Jackie-Jiang commented 3 years ago

Storage will be filled up naturally as the servers consume more records, and flush them to the disk. Can you please check the disk space left in your data directory?

opschronicle commented 3 years ago

@Jackie-Jiang Thanks it was 100% . I deleted some data from stream . But not sure why a full stream catch up takes more disk space that normal realtime consumption. From my understanding data size for three days retention on kafka should remain same whether we consume in Pinot at one shot or consume in three long days.

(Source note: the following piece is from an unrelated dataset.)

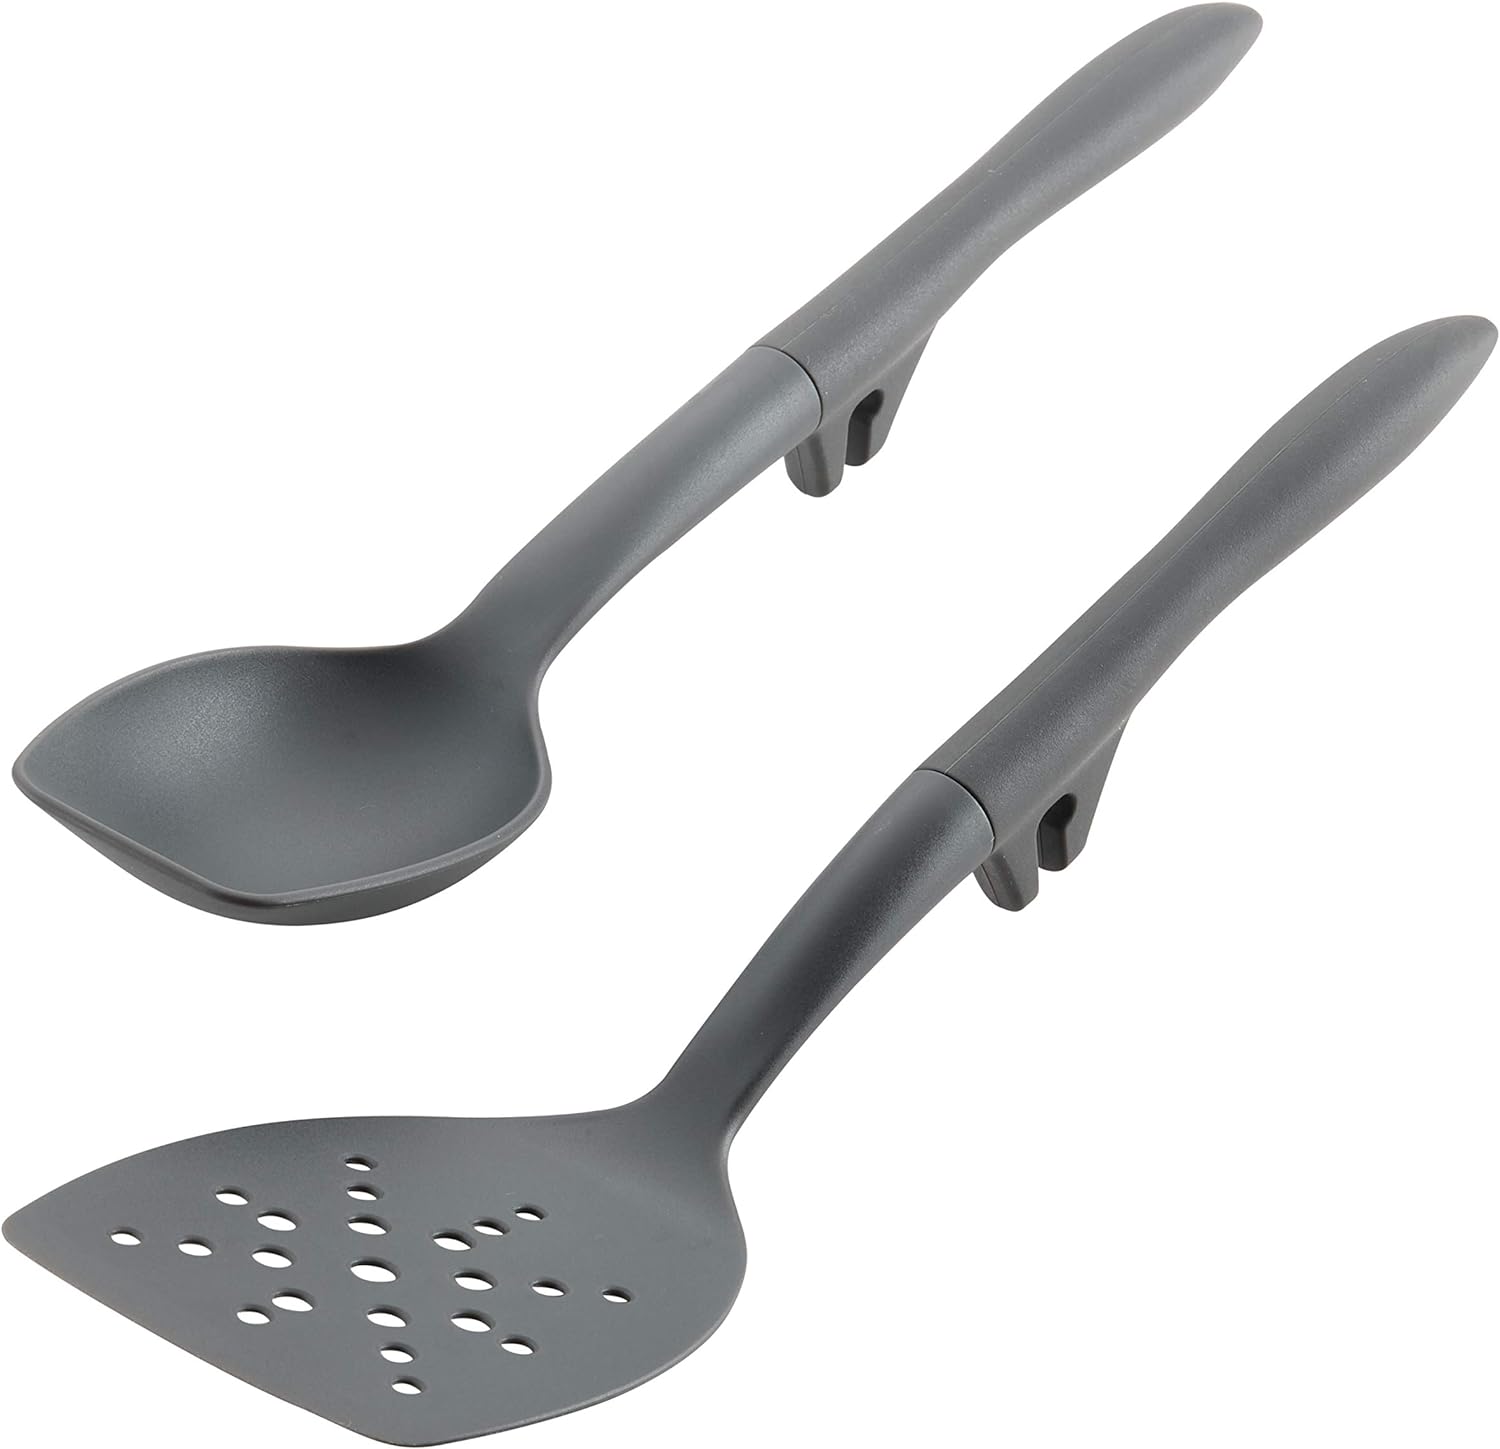 Rachael Ray Tools and Gadgets Flexi Turner and Scraping Spoon Set / Cooking Utensils – 2 Piece, Gray

Jackie-Jiang commented 3 years ago

While consuming, Pinot allocates some mmap'ed files as the off-heap memory buffer. If the consumption rate is very high, the file size could be larger because we will have more records in one segment. I would recommend giving more room for the storage, e.g. keep the usage under 50%

opschronicle commented 3 years ago

Thanks for the suggestion @Jackie-Jiang , I will allocate more space. Also wondering whether it is possible to set the segment time based on the time field from kafka? So that segments will expire based on kafka time rather than Pinot segment created time. My retention is 3 days , the issue happens when I have to catch up entire 3 days messages at once and all the caught up segment dates will have same date and will only expire after 3 days and they consume lot of disk space unnecessarily.

Jackie-Jiang commented 3 years ago

@pabrahamusa Pinot is using the time column (should be the time field in kafka as well) value to expire the segment, instead of the segment creation time. The segment will still be created, but should be removed once the latest time value is older than the retention.

opschronicle commented 3 years ago

@Jackie-Jiang Thanks I will verify this and confirm .

Conaire commented 2 months ago

The problem for me was not having enough space in my ebs volume.